While the smooth L1 loss has traditionally been used for bounding box regression, it measures only the difference between predicted and target coordinates, not the quality of overlap between boxes. In dense prediction tasks, this can lead to suboptimal localization: a box may have low coordinate error but still misalign significantly with the ground truth. To address this, modern detectors increasingly use IoU-based losses, which directly optimize the overlap between predicted and ground-truth boxes.

Intersection over Union (IoU)#

The IoU between two boxes is defined as:

\[ \text{IoU} = \frac{\text{area of overlap}}{\text{area of union}}. \]

It ranges from 0 (no overlap) to 1 (perfect alignment). A simple IoU loss can be defined as:

\[ \mathcal{L}_{\rm IoU} = 1 - \text{IoU}. \]

This functions directly encourages maximizing overlap but has two limitations when boxes do not overlap (IoU = 0): it provides no gradient and does not penalize differences in box size or position.

Generalized IoU (GIoU)#

The GIoU loss addresses the IoU limitations by adding a penalty term based on the smallest enclosing box that contains both predicted and target boxes. It is defined as:

\[ \mathcal{L}_{\rm GIoU} = 1 - \text{IoU} + \frac{|C - A\cup B|}{|C|} \]

where \(C\) is the area of the smallest enclosing box that contains both the predicted and target boxes, and \(A \cup B\) is the area of the union of the predicted and target boxes. GIoU provides meaningful gradients even when boxes do not overlap, encouraging predictions to move toward the target.

Distance IoU (DIoU)#

The DIoU loss improves the IoU metric by incorporating the distance between predicted and target boxes. It is defined as:

\[ \mathcal{L}_{\rm DIoU} = 1 - \text{IoU} + \frac{d^2}{c^2} \]

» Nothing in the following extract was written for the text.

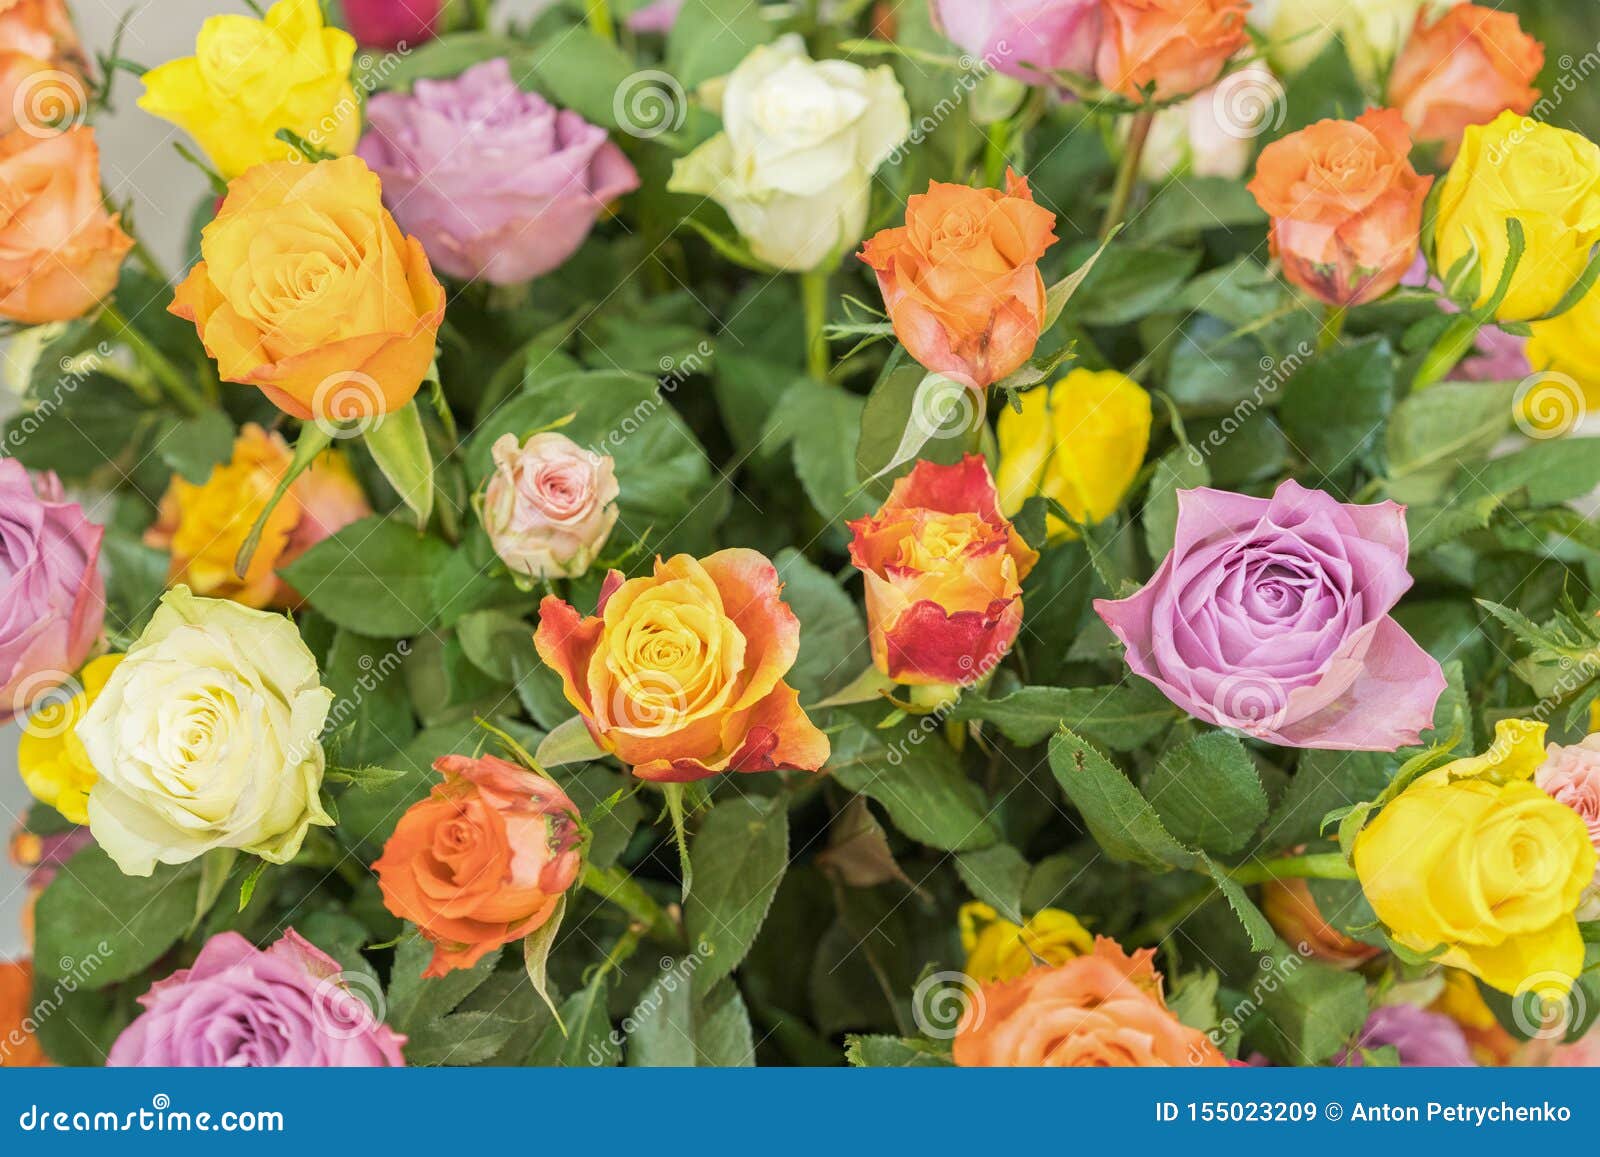 Bouquet Multicolor De Rosas Fundo Natural Das Flores, Foco Suave Fundo De  Flores De Rosas Coloridas, Grupo De Imagem de Stock - Imagem de planta,  flor: 155023209

where \(d\) is the normalized distance between the box centers, and \(c\) is the diagonal length of the smallest enclosing box that contains both predicted and target boxes. The DIoU loss encourages not only better overlap but also better alignment of the box centers.

Complete IoU (CIoU)#

The CIoU loss extends the DIoU metric by also considering aspect ratio consistency between predicted and target boxes. It is defined as:

\[ \mathcal{L}_{\rm CIoU} = 1 - \text{IoU} + \frac{d^2}{c^2} + \alpha \rho \]

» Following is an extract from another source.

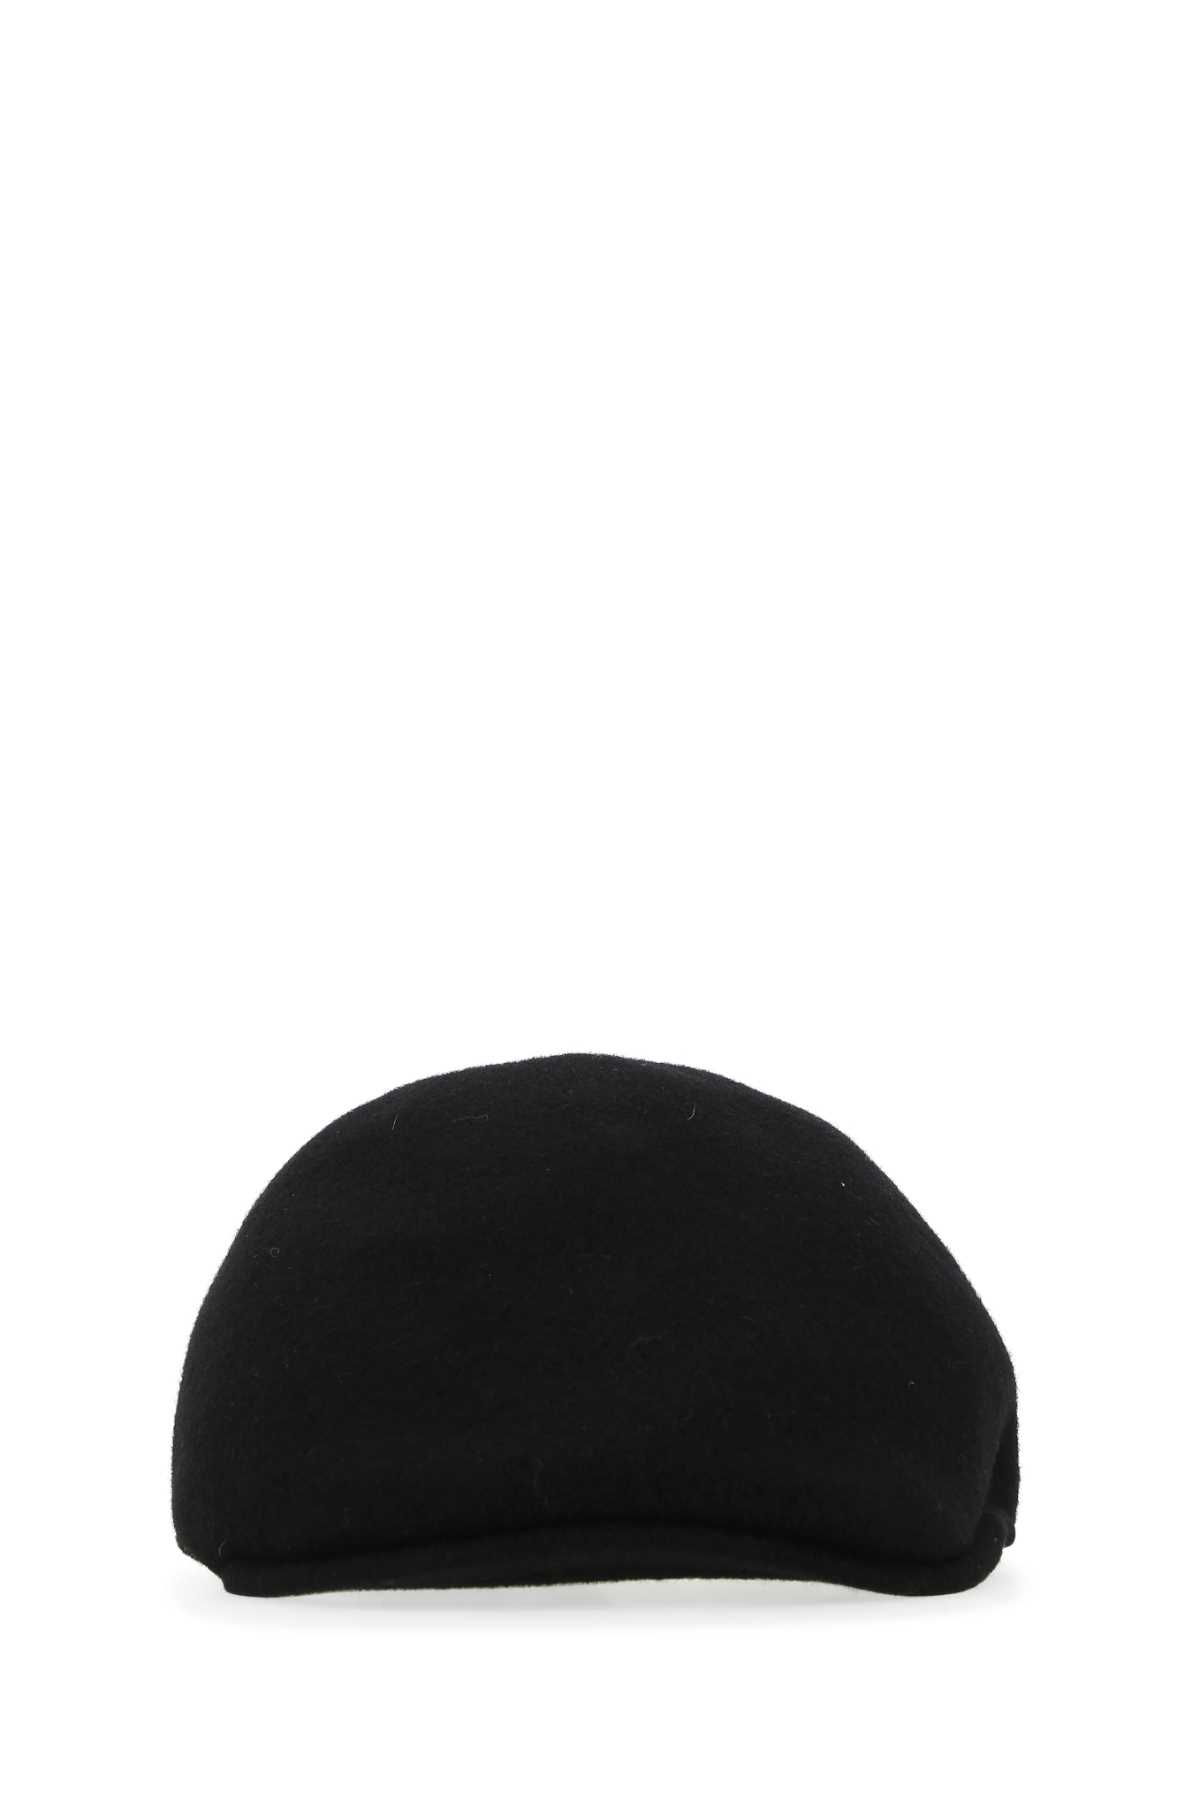 Black Felt Baker Boy Hat

where \(\rho\) is the difference in aspect ratio between the boxes, and \(\alpha\) is a weighting factor. The CIoU loss encourages predictions that are well-aligned in position, size, and shape.

Tip

The CIoU loss is often regarded as the most effective IoU-based loss. However, the optimal choice may vary depending on the dataset.

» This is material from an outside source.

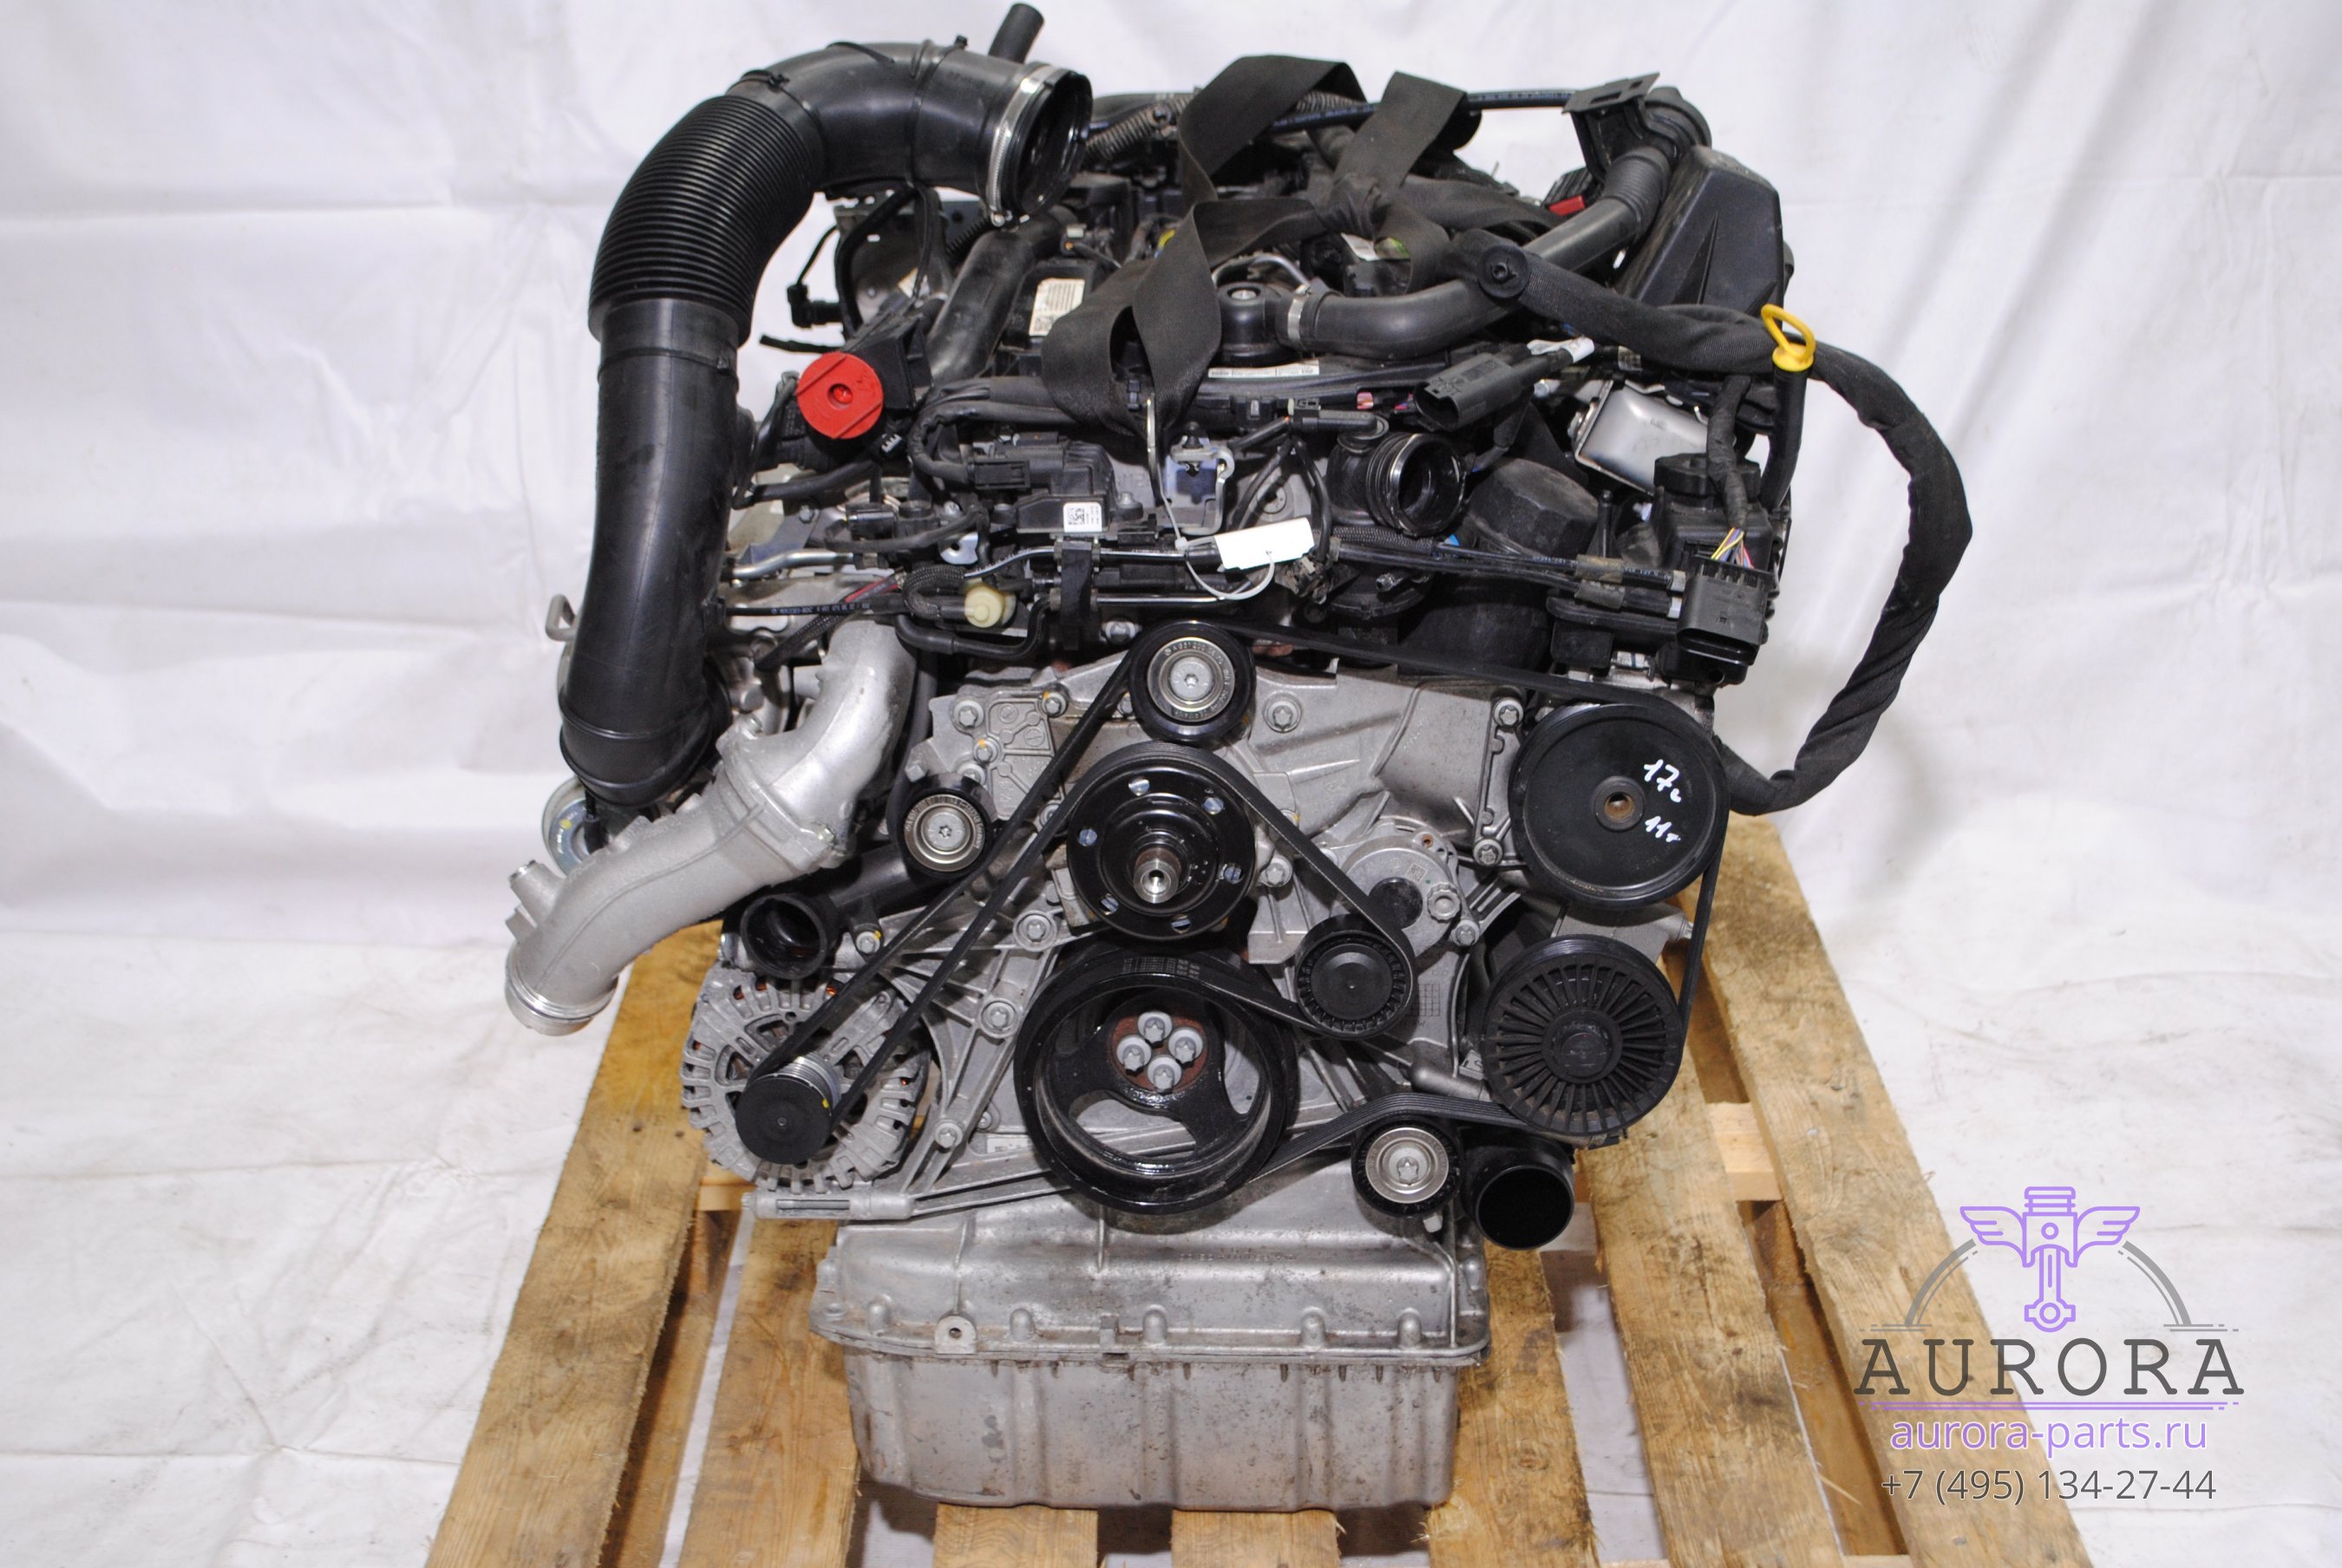 Двигатель в сборе  2.2 CDi OM 651 (17г.в. пробег 11 тыс. км.) без сцепления и вискомуфты.

Distribution focal loss (DFL)#

Traditionally, bounding box regression consists of predicting four continuous values: the distances from a reference point (usually a cell center) to the four sides of a bounding box (left, top, right, bottom). The Distribution Focal Loss reformulates this task by predicting a discrete probability distribution for each side of a bounding box. Instead of predicting four continuous values per grid cell, the regression branch outputs four histograms across a set of bins that cover the possible range of distances. By doing so, the regression task is reformulated as a classification problem over discretized intervals. This often leads to higher localization accuracy, especially for small objects.

Predicted distribution#

Assume distances lie within a bounded range \([0, D]\). We divide this range into \(K\) bins, each of width \(d = D / K\). Then, the \(i\)-th bin corresponds to the interval:

\[ \text{Bin } i: [i \cdot d, (i + 1) \cdot d). \]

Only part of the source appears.